Salud

Un mes sin alcohol puede cambiar tu salud para siempre, según la ciencia

Una copa de vino en una mesa en una terraza. / EP
Un estudio con más de 150.000 personas confirma que el eneco seco mejora la salud física y mental y ayuda a reducir el consumo de alcohol de forma duradera.

Con la llegada del nuevo año y los habituales propósitos de cambio, cada vez más personas optan por el desafío del “Enero Seco”, una iniciativa que propone pasar un mes completo sin consumir alcohol. Más allá de la tendencia, la ciencia comienza a respaldar sus beneficios reales y sostenidos para la salud física y mental.

Un estudio internacional analiza el impacto del ‘Enero Seco’

Una revisión científica realizada por investigadores de la Escuela de Salud Pública de la Universidad de Brown y la Facultad de Medicina Warren E. Alpert, en Estados Unidos, ha analizado 16 estudios previos sobre el reto del Enero Seco, iniciado en Reino Unido para contrarrestar los excesos navideños.

El trabajo, liderado por el Centro de Estudios sobre el Alcohol y las Adicciones (CAAS) y publicado en la revista científica Alcohol and Alcoholism, incluyó datos de más de 150.000 participantes y evaluó quiénes participan en el reto, qué efectos experimentan y qué factores influyen en su éxito.

Beneficios físicos y psicológicos tras solo un mes sin alcohol

Los investigadores concluyen que incluso una pausa breve en el consumo de alcohol puede generar mejoras significativas. Quienes se abstuvieron completamente durante un mes informaron:

  • Mejor calidad del sueño

  • Mejor estado de ánimo

  • Pérdida de peso

  • Mejora de la función hepática

  • Descenso de la presión arterial

Además, muchos participantes señalaron mayor energía, mejor concentración y una percepción general de mejor bienestar. Incluso aquellos que solo redujeron el consumo experimentaron beneficios apreciables.

Un cambio que se mantiene en el tiempo

“El esfuerzo conduce a una moderación sostenida: la mayoría de los participantes continúa bebiendo menos alcohol después del reto”, explica Megan Strowger, autora principal del estudio e investigadora postdoctoral en la Universidad de Buffalo.

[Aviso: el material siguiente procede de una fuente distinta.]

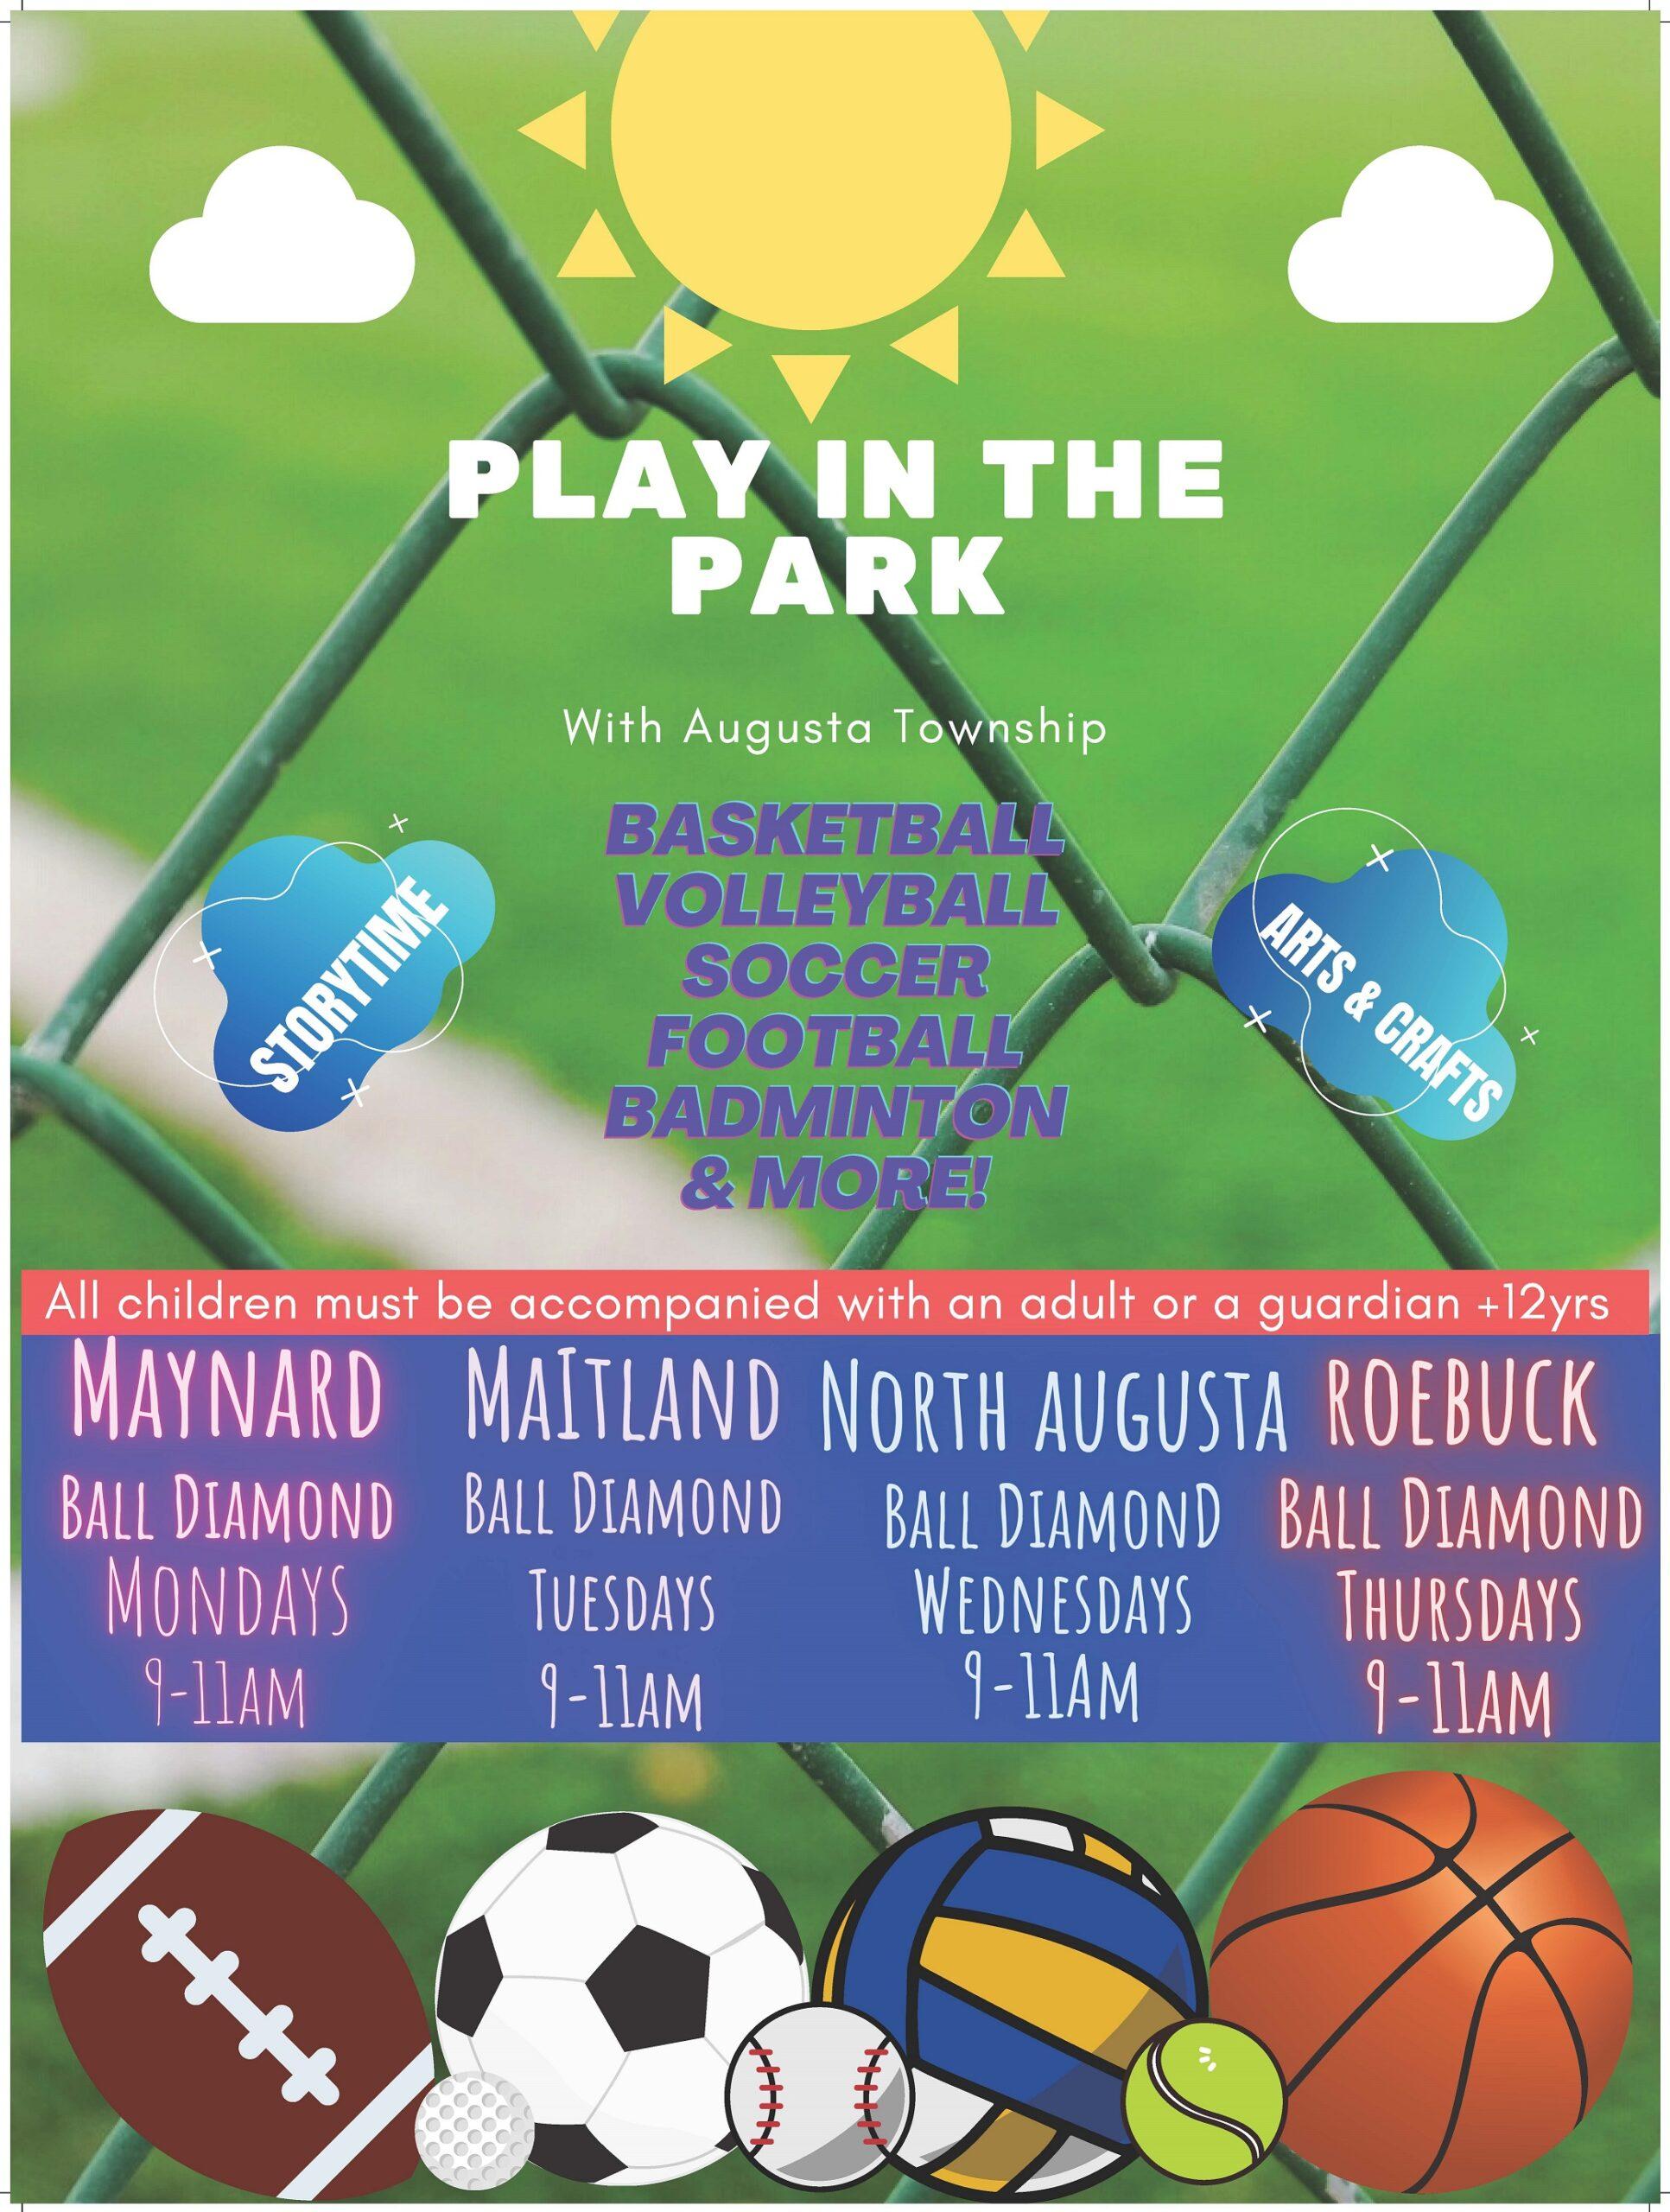 Play in the Park (Maynard) @ Maynard Ball Diamond | Ontario | Canada

Según la experta, el Enero Seco permite a los participantes reflexionar sobre su relación con el alcohol y su impacto en la vida social, la salud mental y la salud física.

Una tendencia en expansión y con mayor aceptación social

El reto del Enero Seco, que comenzó en Reino Unido en 2013, ha crecido de forma exponencial: de apenas 4.000 inscritos iniciales a millones de participantes en todo el mundo.

Este crecimiento coincide con un cambio de hábitos. Una encuesta reciente de Gallup revela que solo el 54 % de los adultos estadounidenses consume alcohol, el nivel más bajo registrado por la consultora.

“Hoy existe más apoyo social que nunca para llevar una vida sin alcohol”, señala Suzanne M. Colby, profesora de Ciencias Sociales y del Comportamiento. La influencia de redes sociales e influencers ha reducido el estigma asociado a no beber y ha popularizado la llamada “sobriedad consciente”.

Las herramientas digitales aumentan el éxito del reto

El estudio destaca que las personas que se registran oficialmente y utilizan recursos como la aplicación Try Dry, correos electrónicos o mensajes motivacionales tienen más probabilidades de completar el reto y de mantener un consumo reducido a largo plazo.

El perfil más habitual de los participantes incluye personas jóvenes, mujeres, con ingresos altos y formación universitaria, muchos de ellos bebedores intensivos, un grupo tradicionalmente difícil de alcanzar con programas de prevención.

Riesgos limitados y recomendaciones para el futuro

La revisión detectó algunos efectos negativos puntuales. Un pequeño grupo de participantes que no completó el mes experimentó un efecto rebote, aumentando su consumo posteriormente.

Aun así, los autores recomiendan ampliar la campaña, diversificar los mensajes, colaborar con influencers y promover alternativas como el “Enero Húmedo”, centrado en la reducción del consumo en lugar de la abstinencia total.

“Tomarse un descanso del alcohol puede y debe replantearse como una experiencia positiva”, concluye Colby, quien asegura haber probado personalmente el reto y experimentado sus beneficios.